#### TASK ITEM
Restate the data below word for word, and let no image into your version.

#### GIVEN DATA
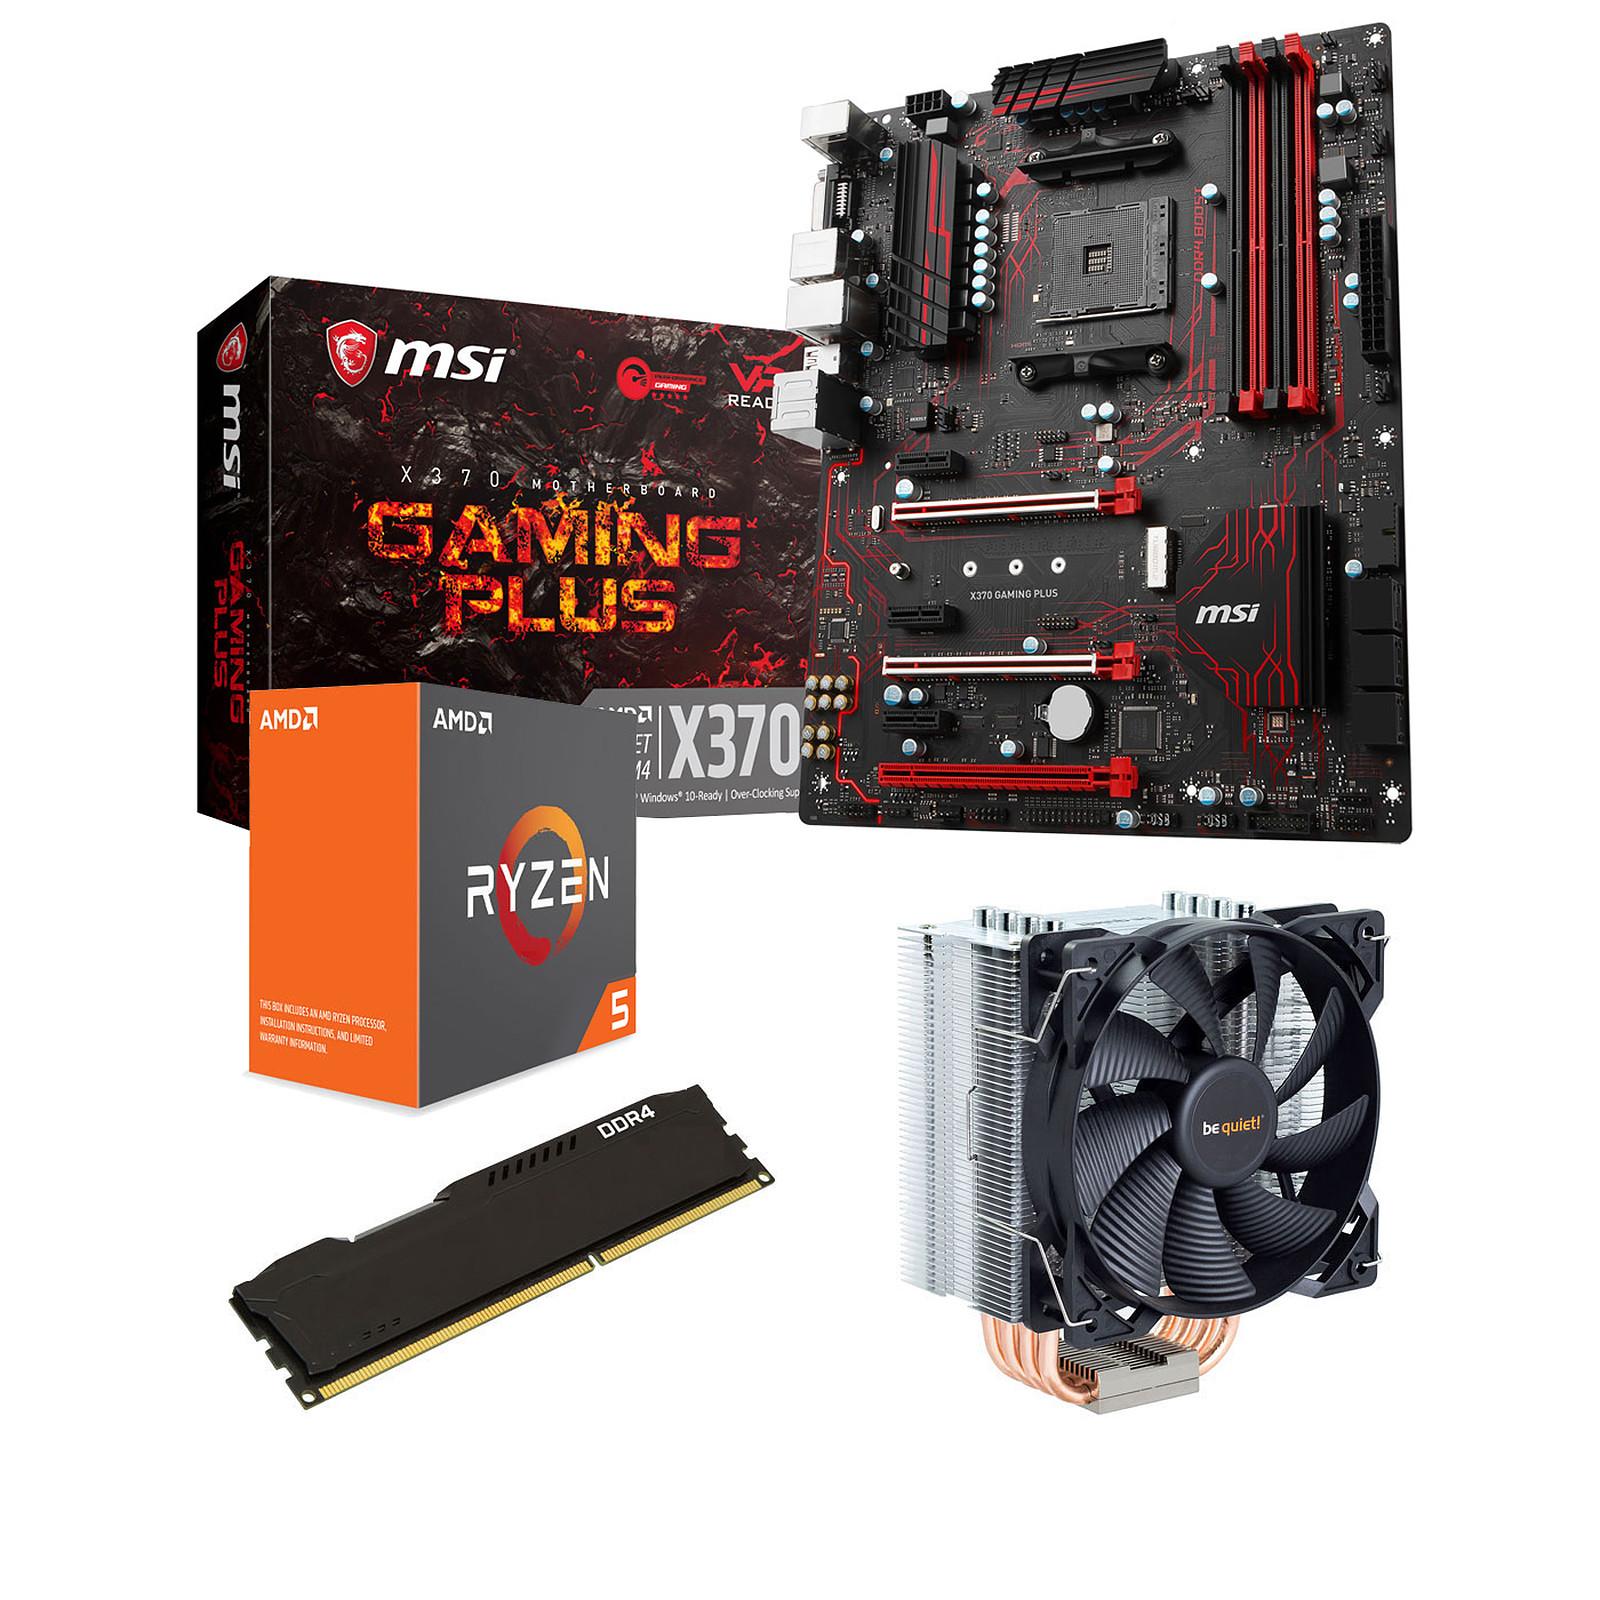 Kit Upgrade PC AMD Ryzen 5 1600X MSI X370 GAMING PLUS 8 Go
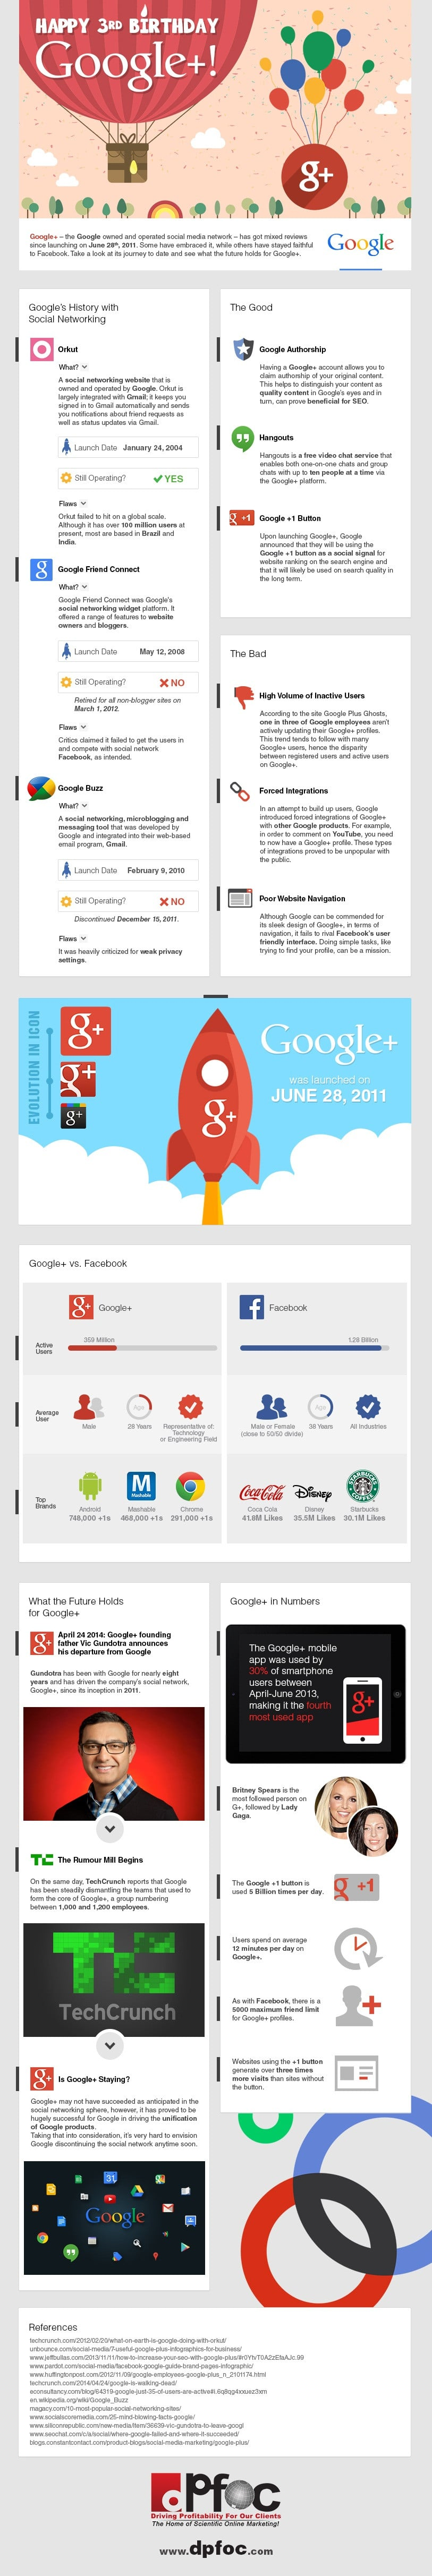 Google+ 2nd Most Popular Social Media Site
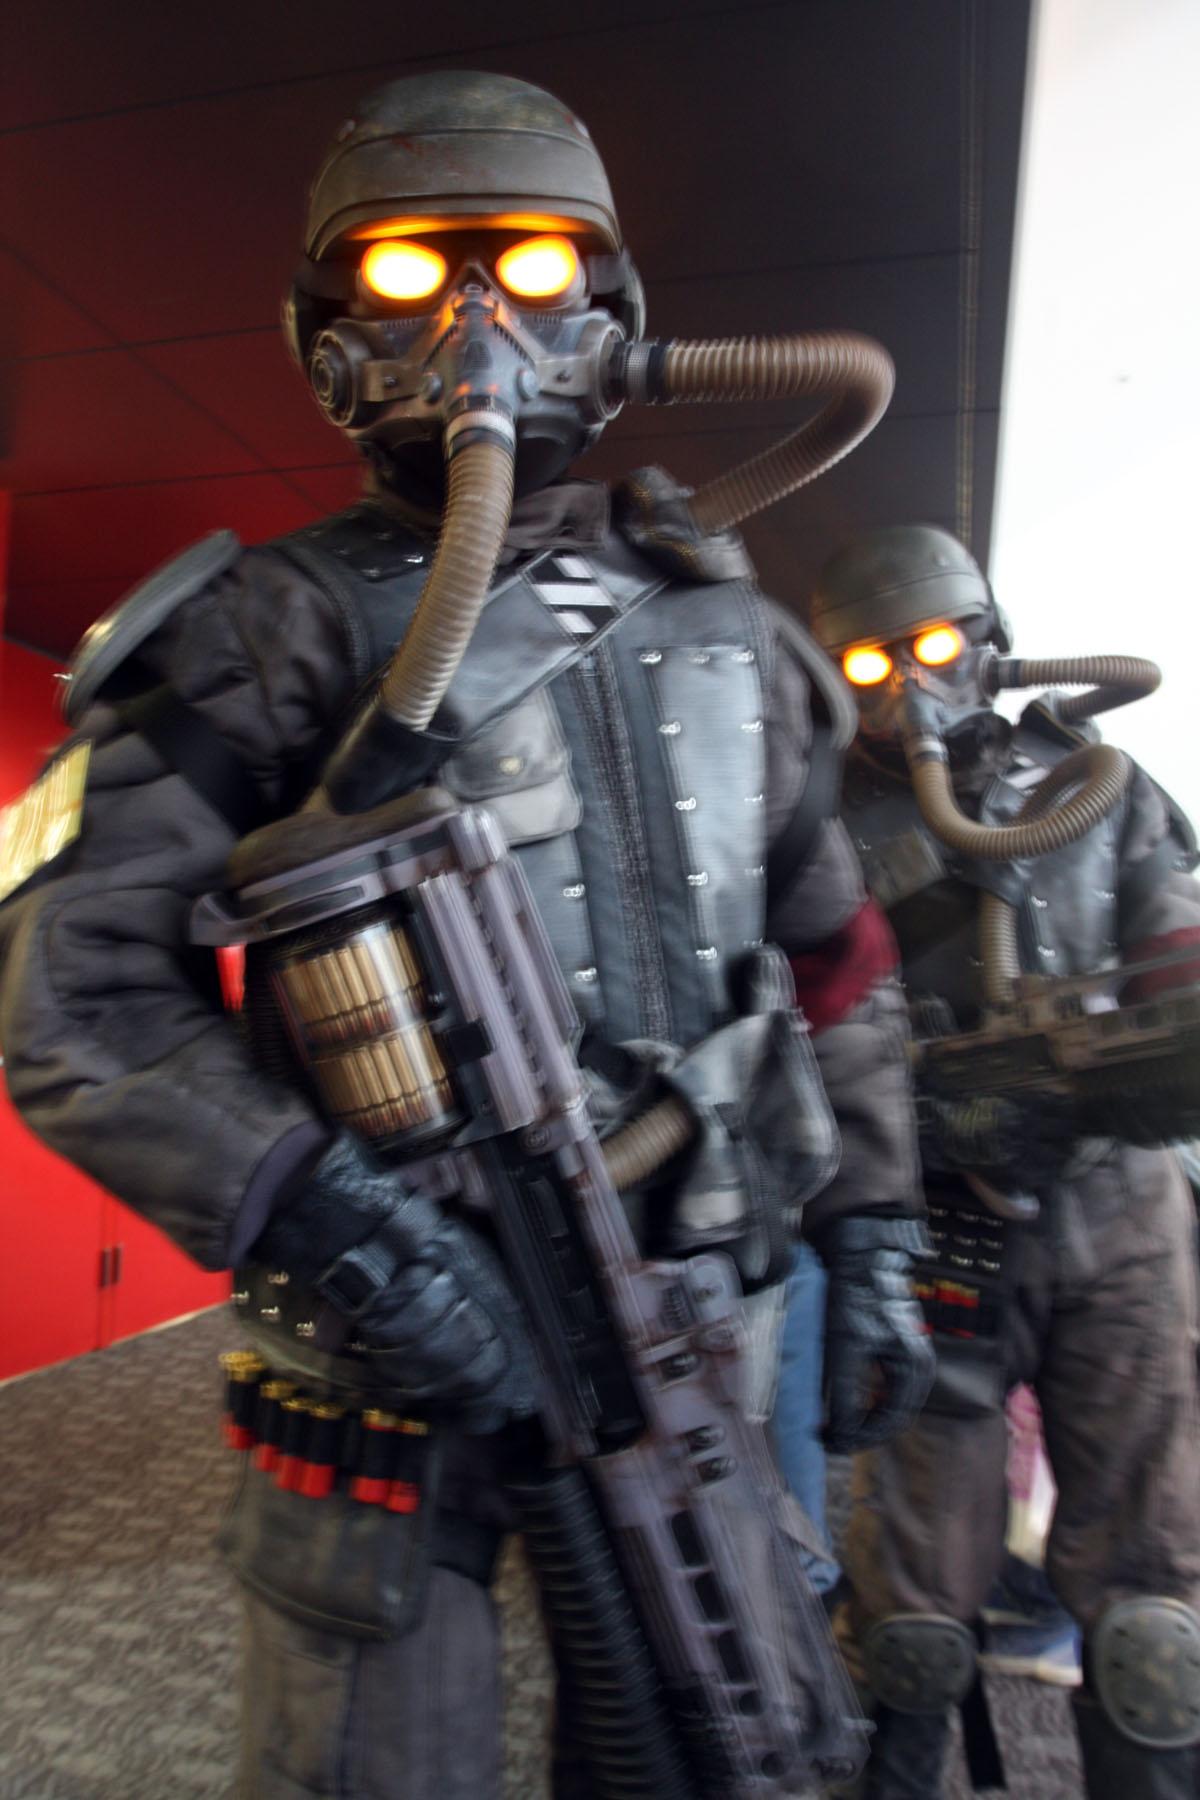 Gallery of 10 Most Badass Gaming Cosplay Costumes - EchoMon

#### EXERCISE OUTPUT
 Kit Upgrade PC AMD Ryzen 5 1600X MSI X370 GAMING PLUS 8 Go
 Google+ 2nd Most Popular Social Media Site
 Gallery of 10 Most Badass Gaming Cosplay Costumes - EchoMon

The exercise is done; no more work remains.